How to integrate LangGraph framework with existing AI chatbot system for interview automation

I’m working on a Python project that uses AI to conduct interviews with job candidates. My current setup works but I want to make it better by adding LangGraph for more advanced conversation handling.

Here’s what my code looks like right now:

import os
import secrets
import openai
from personality_traits import BEHAVIORAL_TRAITS

# Save chat history to file
def store_chat_log(chat_data):
    file_id = secrets.token_hex(6) + '.txt'
    with open(file_id, 'w') as log_file:
        for message in chat_data:
            if len(message) == 3:  # Context, Query, Answer
                log_file.write(f"Context: {message[0]}\nQuery: {message[1]}\nAnswer: {message[2]}\n\n")
            else:  # Query, Answer
                log_file.write(f"Query: {message[0]}\nAnswer: {message[1]}\n\n")

# Get candidate information
def get_candidate_info():
    client = openai.OpenAI()
    greeting_prompt = "Create a professional greeting to ask for the candidate's full name. Keep it brief and welcoming."
    greeting_response = client.chat.completions.create(
        model="gpt-3.5-turbo",
        messages=[{"role": "user", "content": greeting_prompt}]
    )
    greeting_text = greeting_response.choices[0].message.content
    user_name = input(f"\nAssistant: {greeting_text} ").strip()
    print(f"\nAssistant: Nice to meet you, {user_name}. We'll now begin the interview process.\n")
    return user_name

# Collect user input
def collect_response(question_text):
    while True:
        user_input = input(f"\nAssistant: {question_text}\n\nYou: ").strip()
        if user_input:
            return user_input
        else:
            print("Assistant: I didn't catch that. Could you please respond?")

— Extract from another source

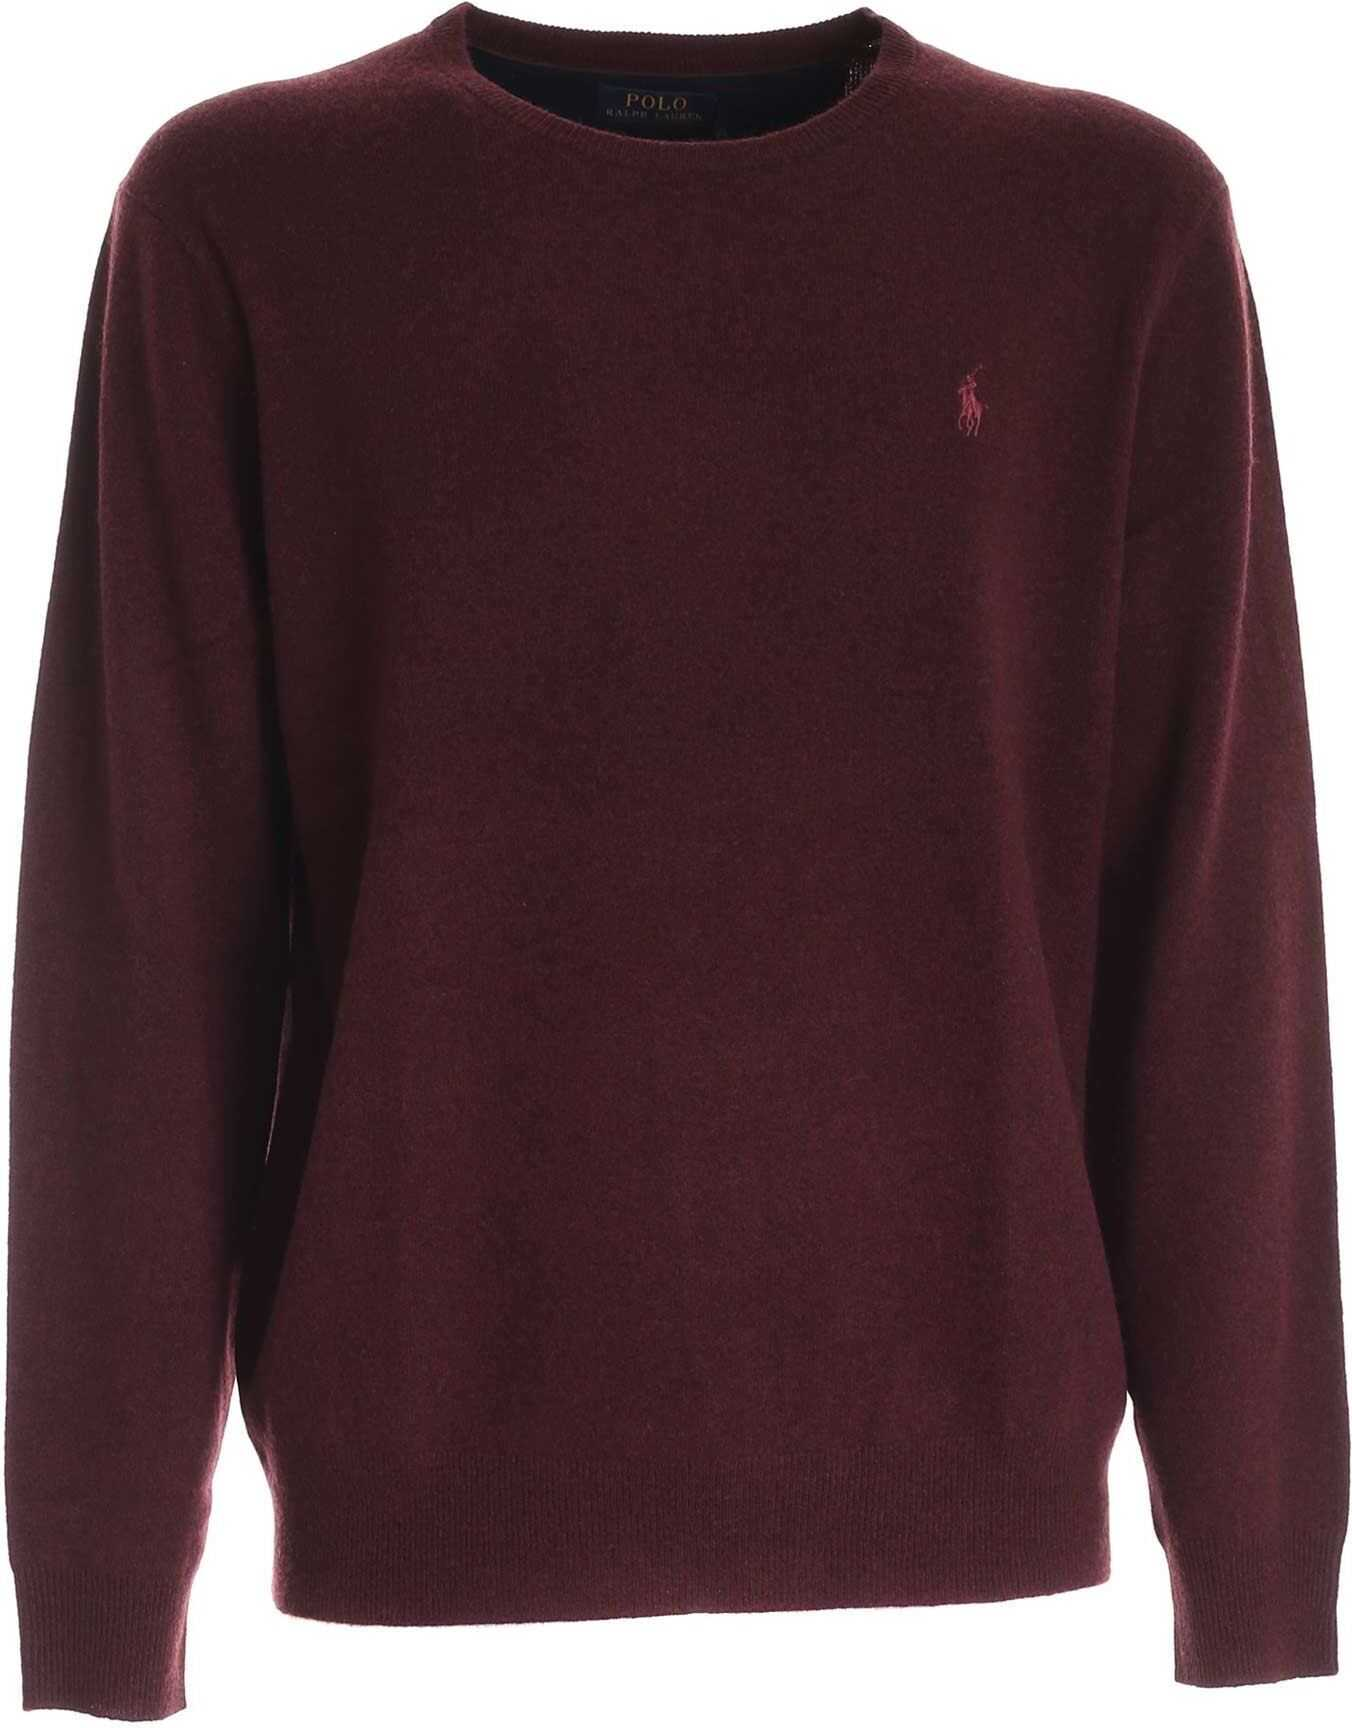 Ralph Lauren Logo Pullover In Burgundy Melange Red imagine

# Start the interview process
candidate_name = get_candidate_info()

The system works fine for basic interviews but I want to add LangGraph to make the conversations flow better and handle complex decision trees. I’ve tried using CrewAI before but found it hard to set up properly.

I need help with:

  • Adding LangGraph to my existing code without breaking what already works
  • Making the AI agent smarter about choosing follow-up questions
  • Better ways to organize the conversation flow

Has anyone successfully integrated LangGraph with interview automation systems? What approach worked best for you?

I just dealt with this exact problem! The trick is using LangGraph as a conversation orchestrator, not replacing your interview logic entirely. I built a simple state machine where each node handles a different interview phase. My OpenAI integration stayed the same - I just wrapped it inside LangGraph nodes. Now the framework decides what question comes next while my existing code does the actual work. The conditional edges are where it gets interesting. They route conversations based on how candidates respond. Weak technical answer? Graph jumps to deeper technical questions. Strong performance? Moves to leadership scenarios. Each node gets the full conversation history and candidate profile, then generates targeted questions from that context. You can test this piece by piece - start with two or three connected nodes for basic routing, then build from there. Your logging and UI code doesn’t need to change at all.

I’ve been using LangGraph in production for interview systems, so here’s what I’ve learned. Don’t rebuild everything from scratch - start with gradual integration instead. Keep your existing logging and user interaction functions, but create a separate LangGraph workflow for conversation logic. Build a state graph that tracks interview progress, candidate responses, and picks the next questions based on context. What really helped me was defining clear states for different phases - intro, technical questions, behavioral assessment, and wrap-up. Each state handles its own logic for generating follow-ups based on previous responses. The biggest win? LangGraph maintains conversation context across multiple turns. Instead of treating each question independently, you can build on previous answers for more targeted follow-ups. Made our interviews feel way more natural and adaptive. Start by wrapping your existing OpenAI calls in LangGraph nodes, then gradually add more sophisticated routing logic. You won’t break what’s working while adding the advanced features you want.